Mijn oom L. hield het wat schoonheid betreft op de definitie van Thomas van Aquino: ‘Pulchrum est quod visu placet’ – schoon is wat het oog bevalt. De vraag is alleen wat het oog wil zien, met welke oogmerken het kijkt. Waarneming, houden de neurowetenschappers ons voor, is meer een kwestie van onze hersenen dan van onze ogen. Onze behoeften bepalen wat we waarnemen en hoe. Onze brievenbus begon lelijk te worden: de verf bladderde af, dat was geen gezicht meer. Tijd dus om ze twee lagen hoogglans lak te geven, na een grofkorrelige respectievelijk fijne schuurbeurt. Nu staat ze te drogen en te glanzen. Ze mag weer gezien worden, ze is weer mooi.
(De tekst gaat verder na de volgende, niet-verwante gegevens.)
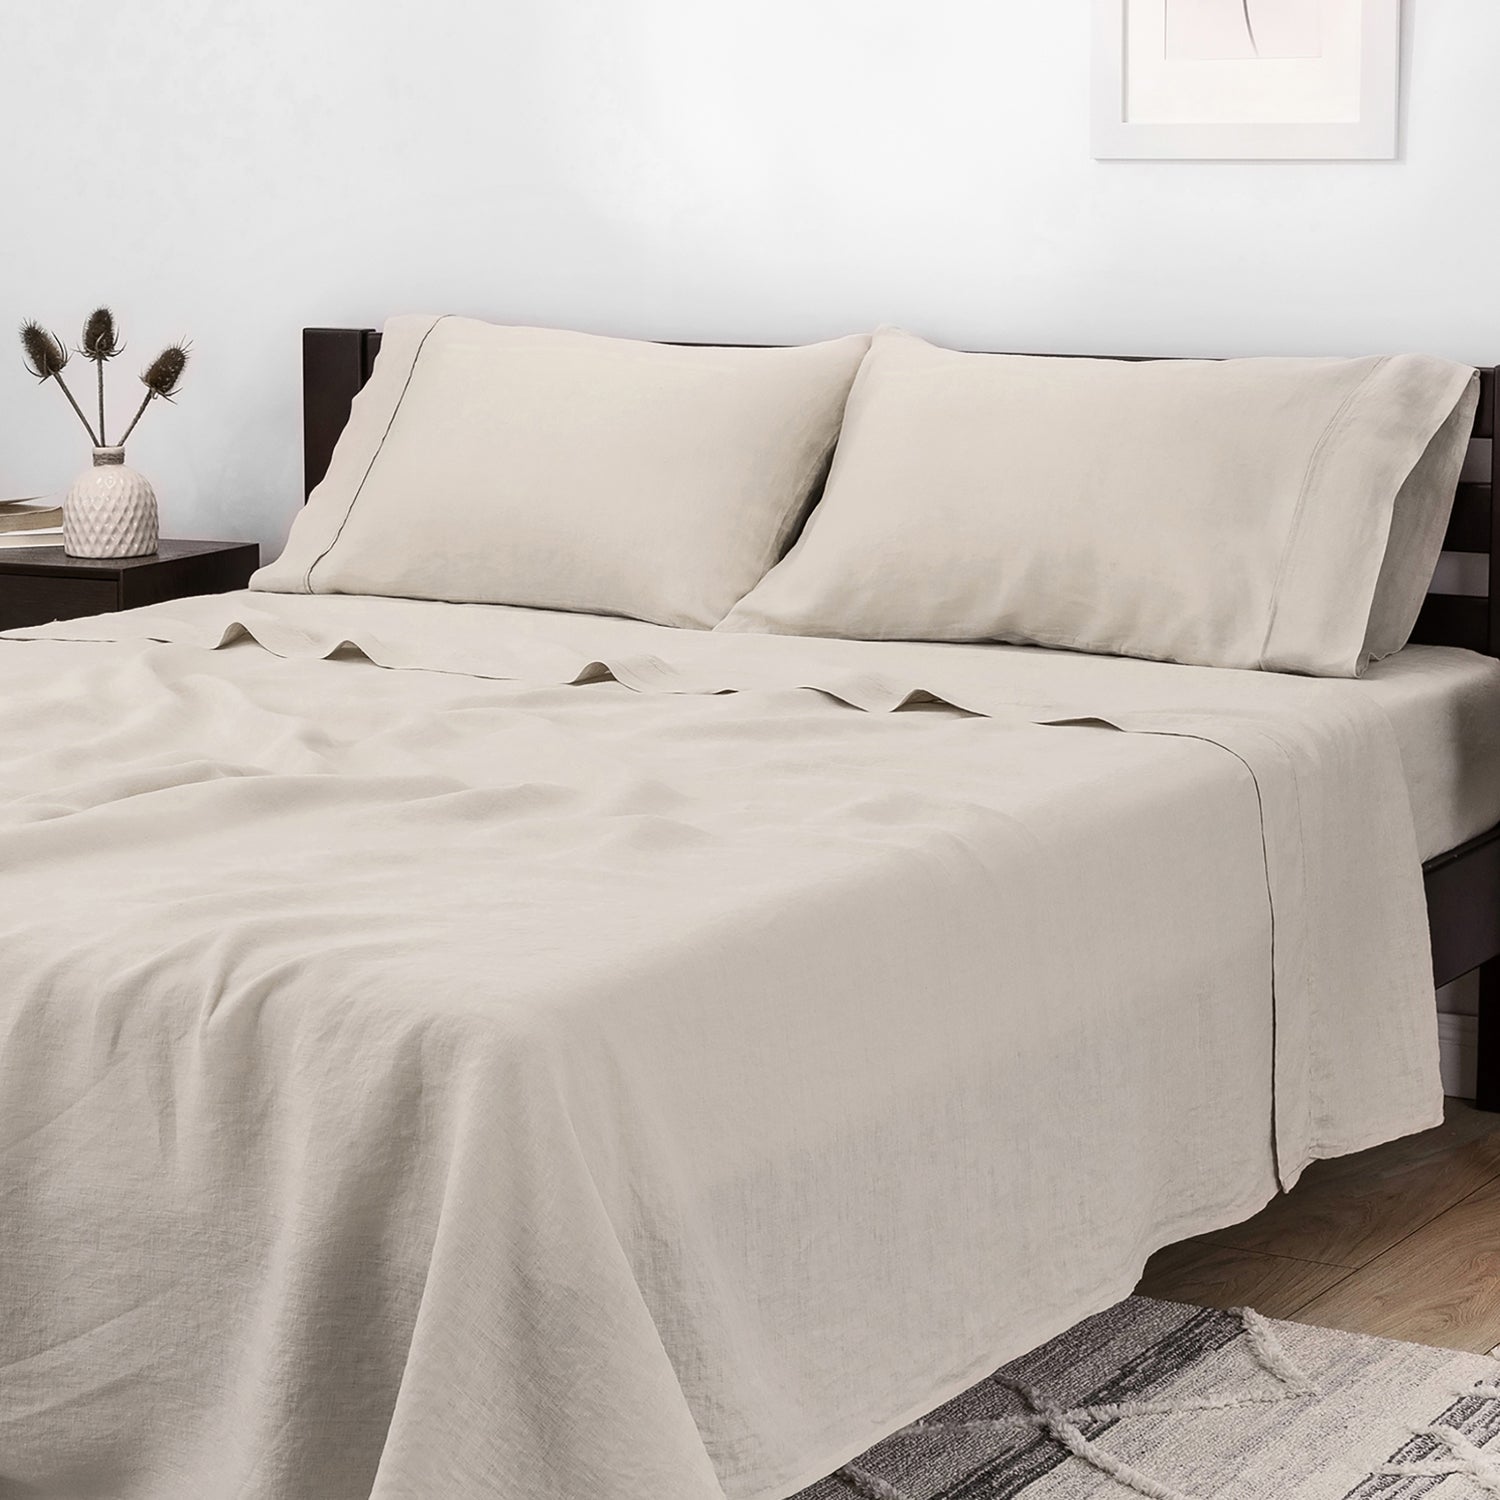 Bedding, Bed Sheets & Linen

In de Korte Begijnenstraat viel mijn oog op een afgebladderd raamkozijn van een oud huis. Misschien vond de eigenaar het niet meer de moeite waard om het op te knappen. Misschien zou het toch worden gesloopt om plaats te ruimen voor iets nieuws en moois. Ik keek niet met de ogen van de eigenaar, de koper, een aannemer of een mogelijke huurder. Die hadden zich behoorlijk kunnen ergeren aan de vervallen staat. Of er zich juist om verheugen dat hier werk aan de winkel was, reden te over om het op te knappen of af te breken.

Praktische overwegingen speelden voor mij geen rol. Ik was gefascineerd door het alomtegenwoordige craquelé. Door de verbrokkeling van wat eens stevig hout moet zijn geweest. Door de sierlijke boog waarmee een stuk linoleum was losgekomen. Door de kleurnuances van het blauwgrijs, de contrasterende vlekken geel en wit. Ik vond het in één woord ‘mooi’.

Wat fascineert mensen aan de schoonheid van verval? De hak die het utilitaire denken wordt gezet, de uitschakeling van het nodig moeten ingrijpen, de vakantie voor het activisme? Of raakt het een snaar die we in het leven zo weinig mogelijk bespelen? De gedachte aan wat levende wezens (en, zo te zien, zelfs een houten raamkozijn) onvermijdelijk te wachten staat: oud worden, aftakelen, vergaan. Waarschijnlijk heb ik daarom een foto gemaakt van dat afgebladderde raamkozijn. Omdat schoonheid de enige mogelijkheid is om het onvermijdelijke op een veilige, zelfs aangename manier onder ogen te zien.